原來朱元璋立國之后,把子孫封為藩王,為防止藩王謀叛,監視異常嚴密,若沒有得到奉詔,藩王不許入京,就是在封地,出城掃墓也必須奏請。藩王之間,不許往來,更不得干預朝政,一犯禁令,就要被削爵,貶為庶人,送鳳陽府高墻“牢獄”永遠禁錮。這英俊少年是當今天子朱祁鎮的皇弟朱祁鈺,受封郕王,他若當真是提前入京,那就有謀反的嫌疑,叫皇兄知道了,只怕要受一次苦。明宣宗朱瞻基子女不多,據明史記載,共有二子二女,長子是朱祁鎮,次子是朱祁鈺,長女是順德公主,次女是常德公主。
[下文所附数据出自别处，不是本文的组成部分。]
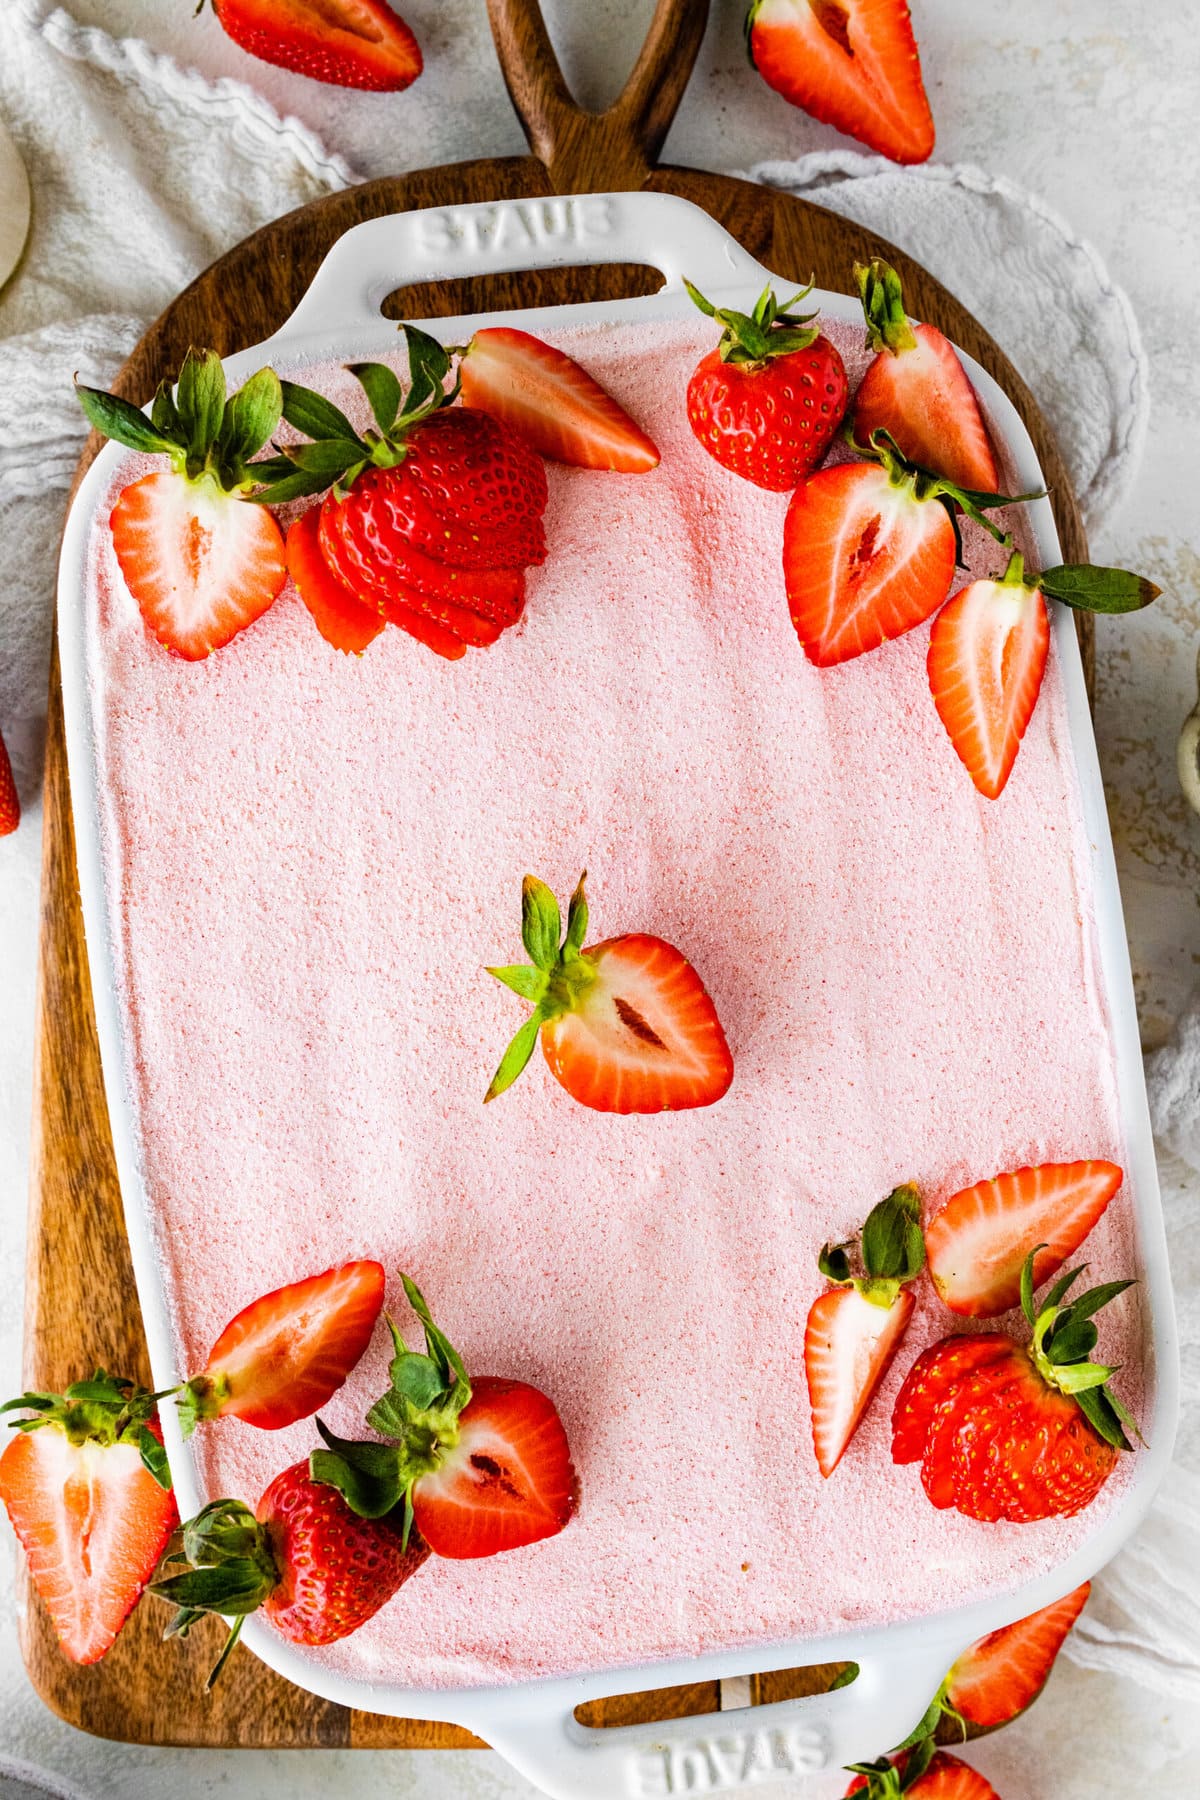 Best Strawberry Tiramisu Recipe (no egg). Final dish with strawberry powder for decoration and fresh cut strawberries on top.

十八年前,朱瞻基微服私訪,在民間臨幸一名女子,產下一女嬰,取名為朱祁嫣。朱祁嫣之母產后大病,不到一年便即死去。朱瞻基好不傷心,把朱祁嫣抱到宮中撫養,待遇甚至要比皇太子朱祁鎮要好。朱祁嫣稍微懂點事便不愛紅裝愛武裝,朱瞻基少年時代常常跟隨祖父(朱棣)北征,見幼女頗有她的曾祖之風,便請了許多武學好手來傳授武技。可惜的是,朱瞻基活得不長,朱祁嫣還沒滿五歲那年,他便染上了不明之癥死去。臨終之前,朱瞻基把朱祁鎮叫到床邊,要他照顧好“小妹”。因此,朱祁鎮登基之后,對朱祁嫣好得不得了,還賜給了她“巾幗公主”的名號。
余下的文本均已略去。